Some students may be disappointed in several aspects of the spring plans, including Reed’s decision to push back spring break. Senior Tabia Schmitt, co-chair of the Student Committee on Academic Policy and Planning, (SCAPP), expressed concerns about the spring semester plan. 

“I was personally a little disappointed with the school’s decision to opt for a delayed spring break,” Scmitt wrote in an email to the Quest. “Students experiencing burnout and exhaustion typically experience some relief during spring break, but a spring break that comes so late fails to fulfill this purpose, not to mention it also doesn’t allow seniors that extra breathing time to finish up their theses. I was also disappointed to see that, though SCAPP brought concerns about international students who are experiencing increased hardship and alienation to [the Committee on Academic Policy and Planning] and administrators, the only way in which the calendar announcement email addressed this concern was that [the Office of International Student Services] can ‘offer guidance.’”  

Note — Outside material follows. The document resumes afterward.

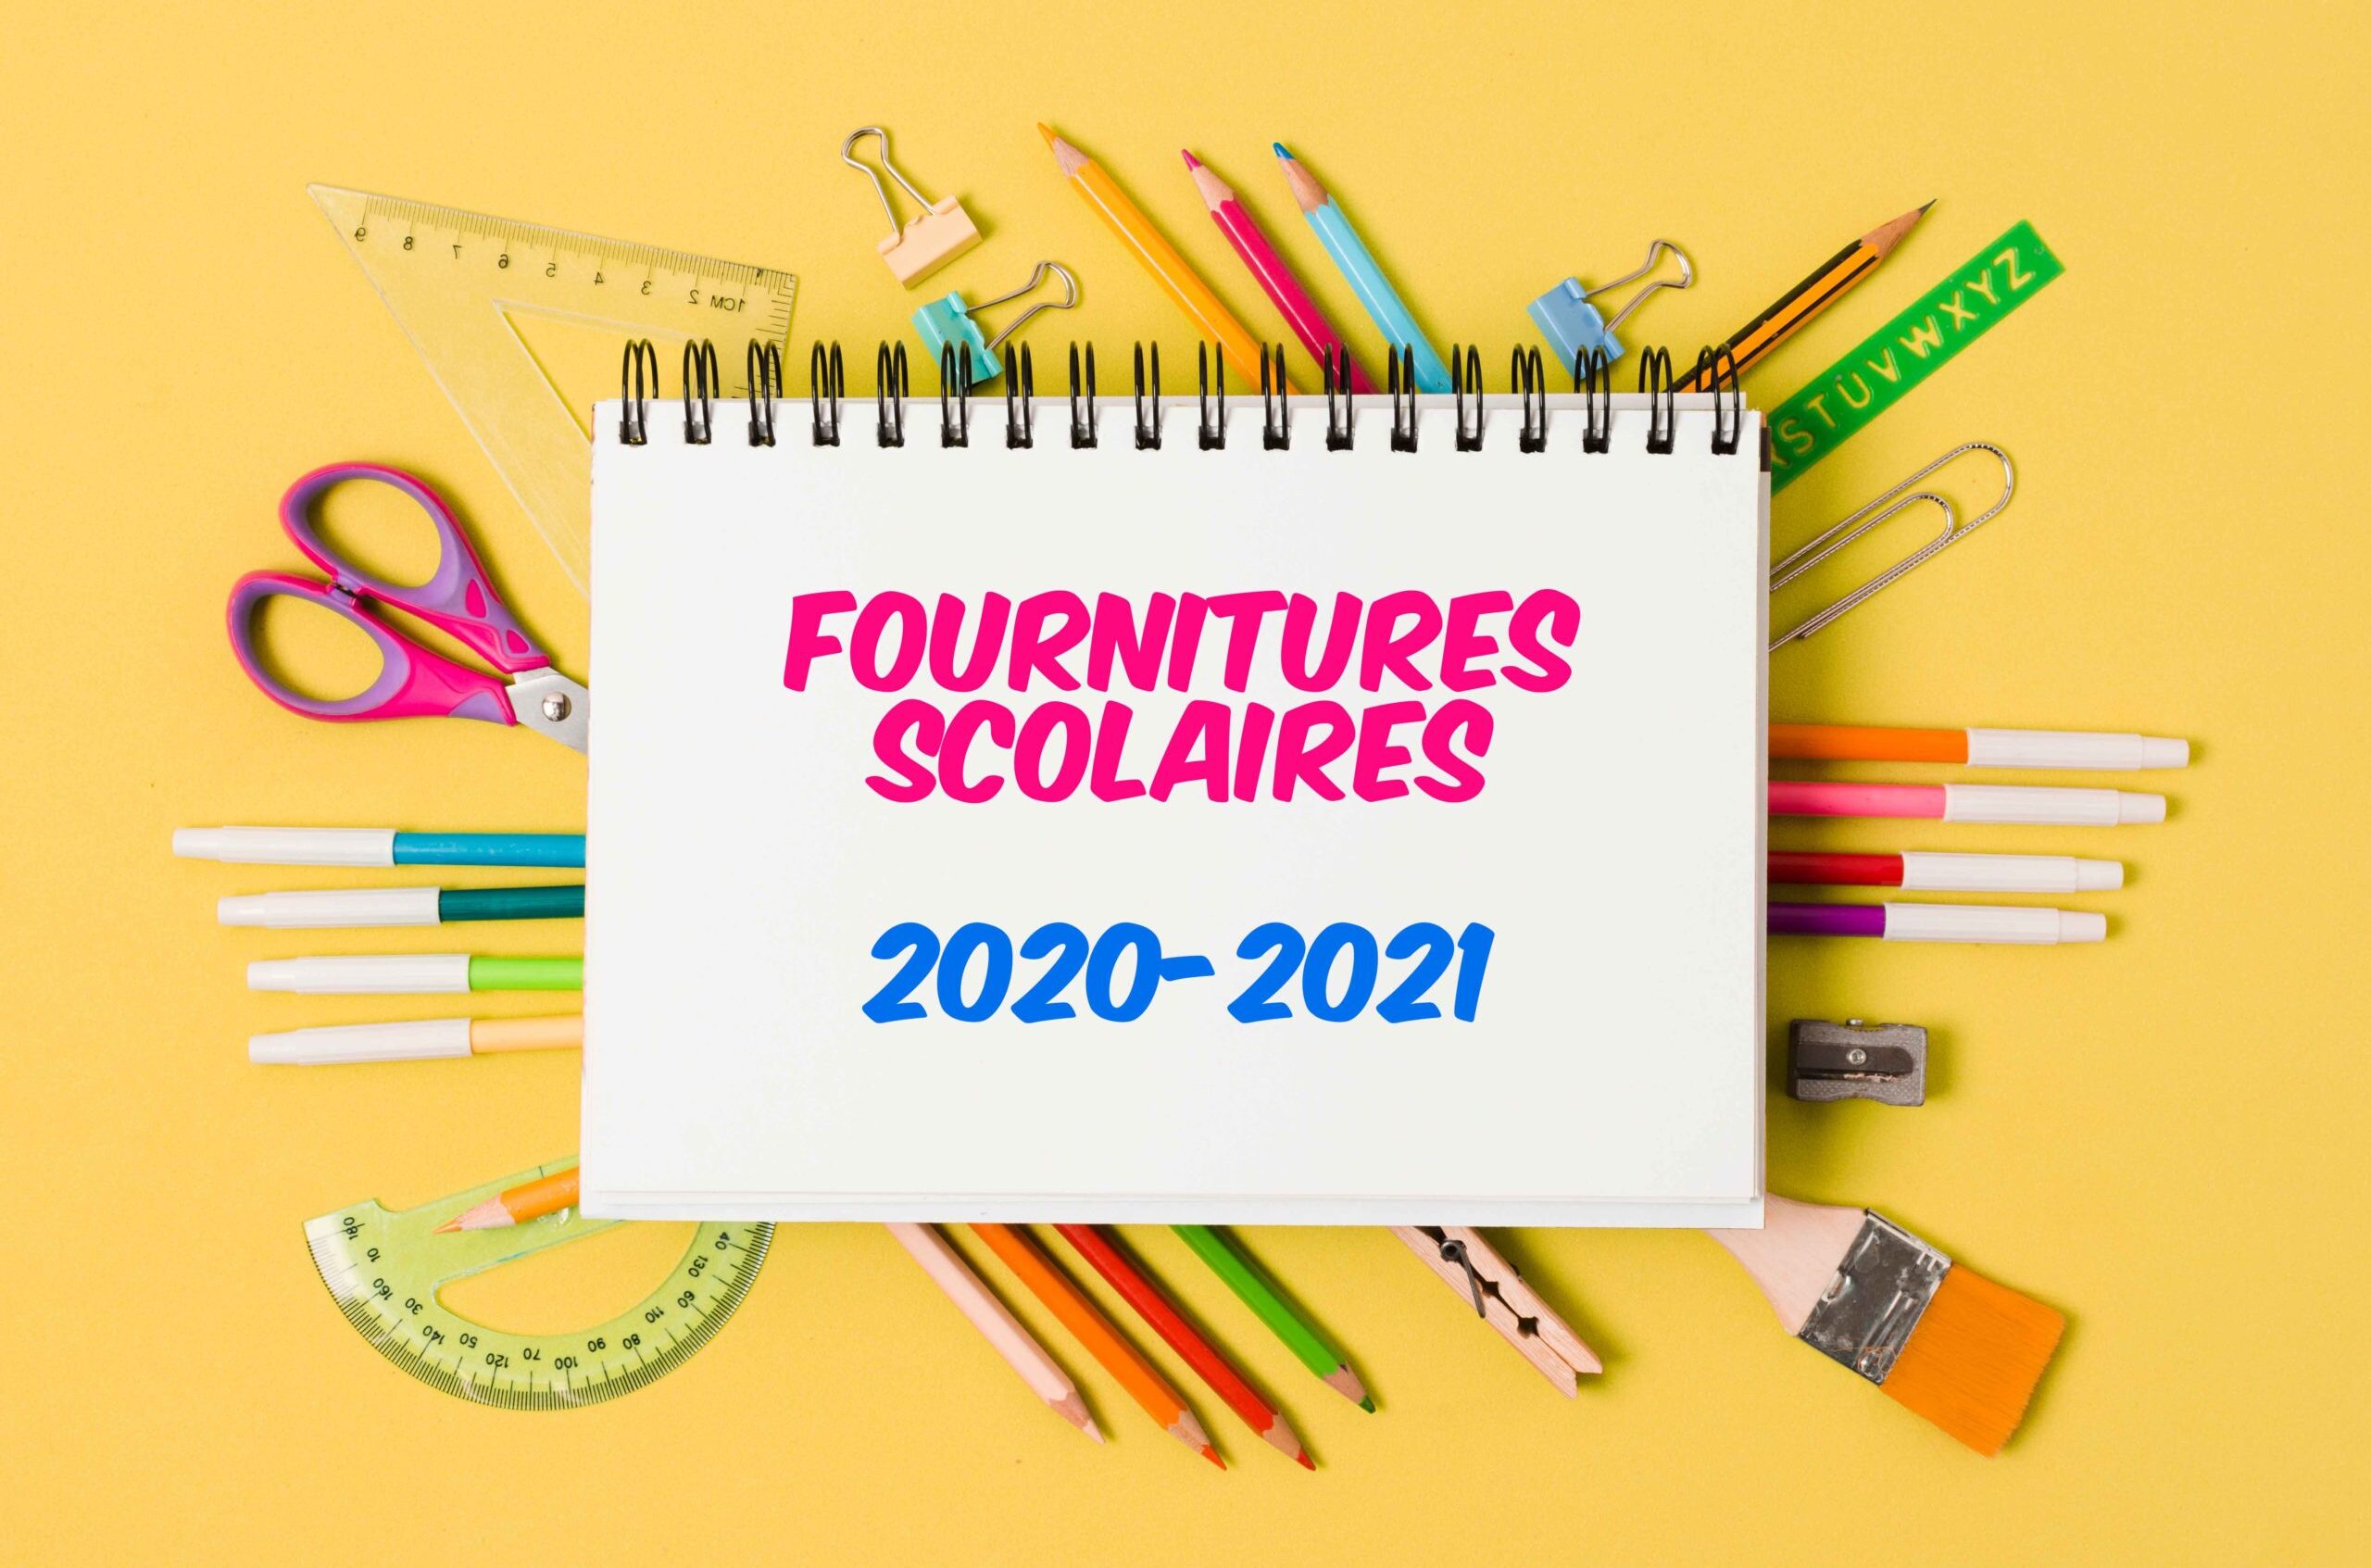 Fournitures-scolaires-2020-2021-scaled.jpg

Photo Courtesy of Reed College

Photo Courtesy of Reed College

The college’s plans to pursue a hybrid model in the spring undoubtedly stems from Reed’s relative success in combating the coronavirus during the fall semester. Unlike institutions such as University of Alabama or Ohio State, Reed has managed to avert a major COVID outbreak during the fall, and the campus has remained open despite the pessimistic predictions at the start of the current semester. According to Reed’s COVID Dashboard, Reed has only recorded 14 total COVID cases as of Oct. 28, and community members appear to largely be following mask-wearing and social distancing guidelines. 

But national COVID cases and hospitalizations continue to reach new highs — with close to nine million reported cases and 230,000 deaths as of Oct. 28 — and the disease shows no obvious signs of slowing down. Cases in Oregon also appear to be on the rise, and the Oregon Health Authority recorded 2,642 new cases of COVID-19 during the week of Oct. 19-25, which represents a 14% increase from the previous week and a record-high for the pandemic. If Oregon or Reed experience a sudden spike of cases in the coming months, the spring semester plans will likely be subject to change. 

For those interested in learning more about the college’s spring semester plans, Reed will host virtual information sessions for students and their families concerning spring semester academics, COVID-19 guidelines, student engagement programming, and summer planning on Nov. 11 at 5 p.m. and Nov. 12 at 1 p.m.